My long awaited carbon gyuto arrived after 15 months in limbo !
248 mm x 51 mm, my scale at home is busted so will weigh it at work but it feels nice in-hand. 
Did any of yours also come with an OOTB edge that can split atoms ?


----------



## TSF415

Hamesjo said:


> My long awaited carbon gyuto arrived after 15 months in limbo !
> 248 mm x 51 mm, my scale at home is busted so will weigh it at work but it feels nice in-hand.
> Did any of yours also come with an OOTB edge that can split atoms ?



mine came with a ootb that split itself on an onion root  I get to adjust the bevels sooner than later


----------



## Hamesjo

Oh no! Yeah I'm definitely nervous to use it without putting a slight microbevel on, but the edge is so keen it makes me hesitant to alter it.


----------



## Hz_zzzzzz

The heiji bevel is low so I think if it’s not zero edge it’s gonna wedge in some produce. I would keep it as thin at the edge as possible.


----------



## EShin

deskjockey said:


> Any idea what his semi-stainless is? He confirmed it is not SKD11 or D2 but, his English is a little rough so I may have missed part of his response.
> 
> I'm not a steel snob but, I also want an idea of what it is as I don't want a repeat of some of the steels I have had in the past. And yes, I realize heat treat matters most as I have had brittle ATS-34 that also tarnished easily (and unusually) and a 1095 knife that amazed me with rust resistance and edge holding (to the point I would have questioned if it was actually 1095 had I not known the maker).


"SKD差し込み (SKD inserted?)" written on the box here. If it's not SKD11, it should be SKD12, as many people here have guessed.


----------



## M1k3

EShin said:


> "SKD差し込み (SKD inserted?)" written on the box here. If it's not SKD11, it should be SKD12, as many people here have guessed.


Sharpens like SKD12.


----------



## Hz_zzzzzz

The reactivity is also like SKD12.


----------



## Hamesjo

Hz_zzzzzz said:


> The heiji bevel is low so I think if it’s not zero edge it’s gonna wedge in some produce. I would keep it as thin at the edge as possible.

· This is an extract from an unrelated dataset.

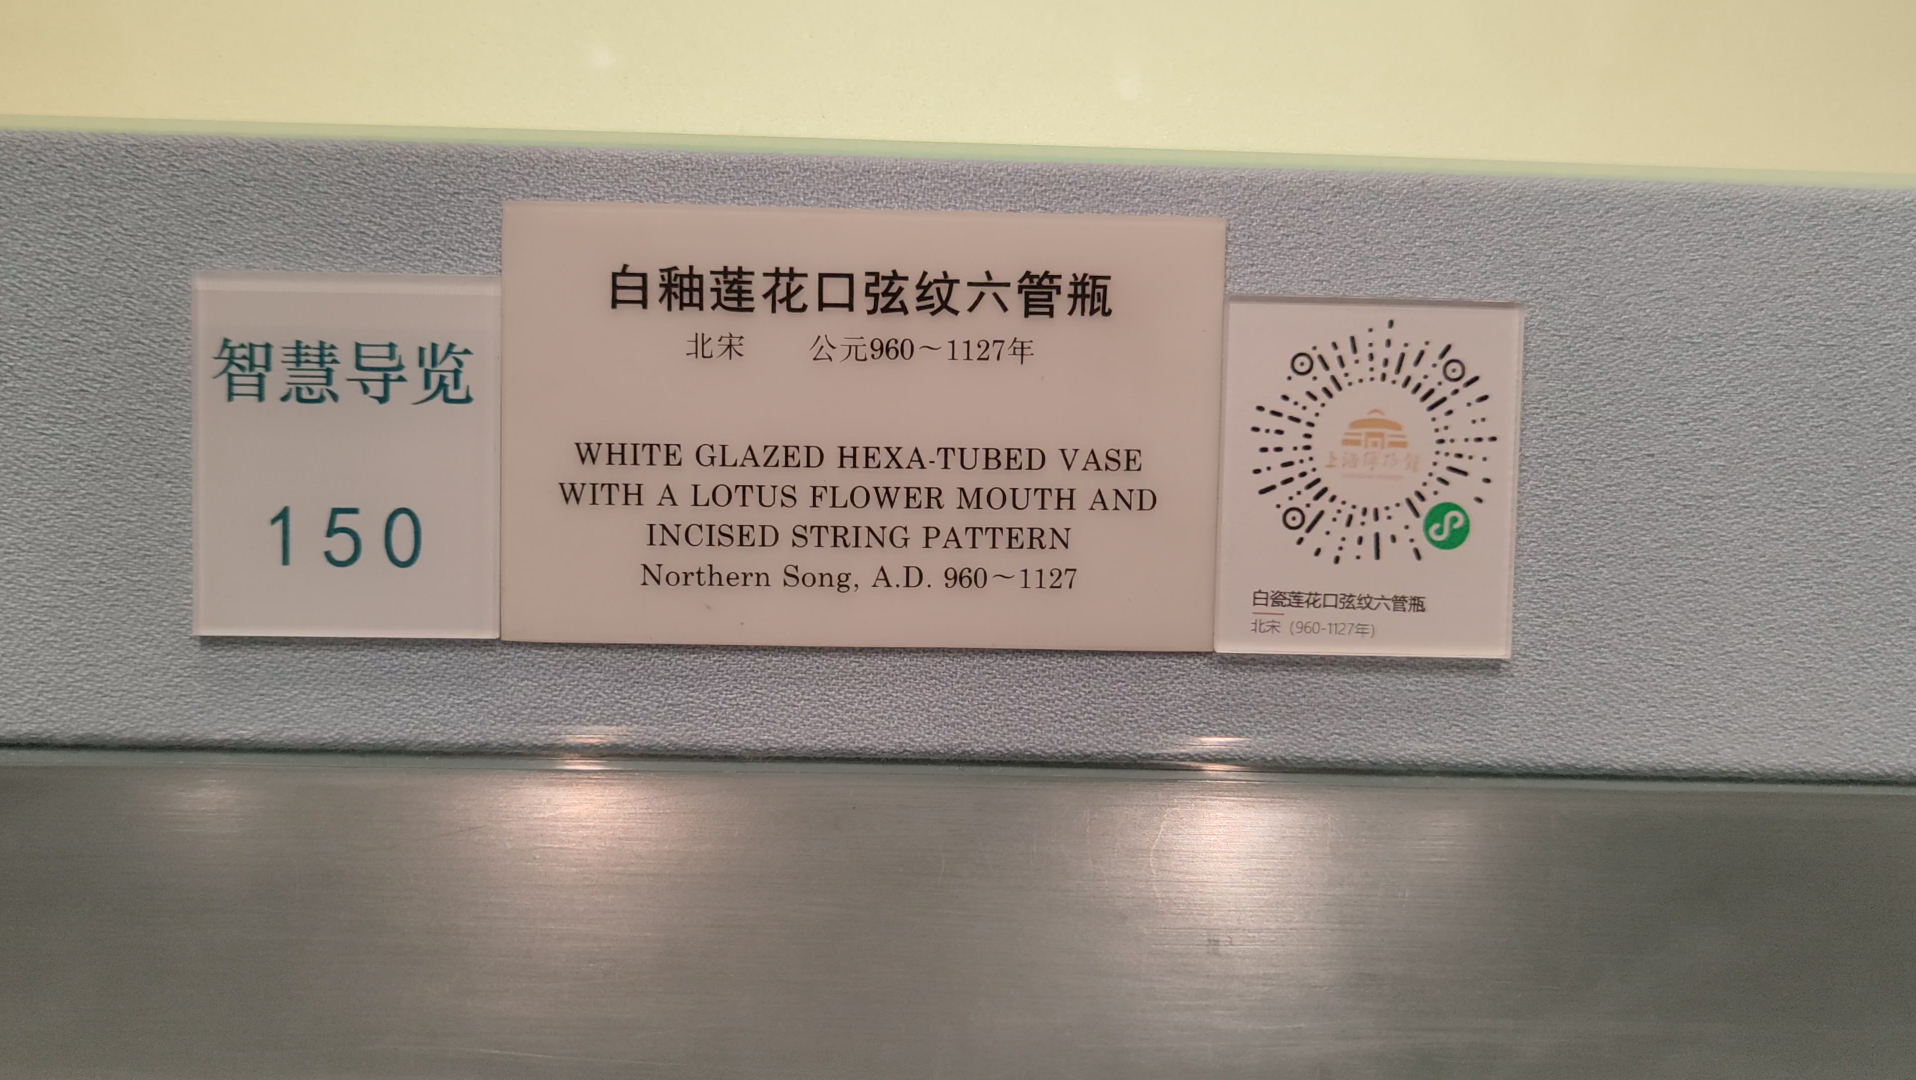 上海博物馆的展品白釉莲花口弦纹六管瓶有智慧导览

I like the feel of the zero edge but it's micro-chipping even on a soft cutting board and vegetables so I put a micro bevel on with a finishing stone. 
The bevel makes it wedge on produce regardless so I'd rather have a micro bevel on to reduce chipping


----------



## M1k3

Heiji SS 240 Gyuto arrived
246mm X 51-52mm
Will measure weight tomorrow when I get to a scale. Needs some sandpaper love.


----------



## tcmx3

Hz_zzzzzz said:


> My 240 SS arrived today. It's a 249 gram beast. 250mm*52mm. The bevel of the front half is taller while it gets lower nearing the heel.
> 
> View attachment 130677
> View attachment 130678



if this knife was carbon you'd probably be having an unfortunate accident and Id be enjoying my new Heiji right about now


----------



## Hz_zzzzzz

tcmx3 said:


> if this knife was carbon you'd probably be having an unfortunate accident and Id be enjoying my new Heiji right about now


Haha. I'm thinking about ordering a carbon Heiji suji. I really love the steel of my Shig which get scary sharp in ridiculously short amount of time, and all you guys have been saying the Heiji carbon is similar or even better. I don't have a carbon suji yet and I probably don't need one, but I'm really curious about the steel.


----------



## M1k3

M1k3 said:


> Heiji SS 240 Gyuto arrived
> 246mm X 51-52mm
> Will measure weight tomorrow when I get to a scale. Needs some sandpaper love.View attachment 133128
> View attachment 133129
> View attachment 133130
> View attachment 133131
> View attachment 133132


Weighs in at 234 grams.


----------



## panda

Hamesjo said:


> My long awaited carbon gyuto arrived after 15 months in limbo !
> 248 mm x 51 mm, my scale at home is busted so will weigh it at work but it feels nice in-hand.
> Did any of yours also come with an OOTB edge that can split atoms ?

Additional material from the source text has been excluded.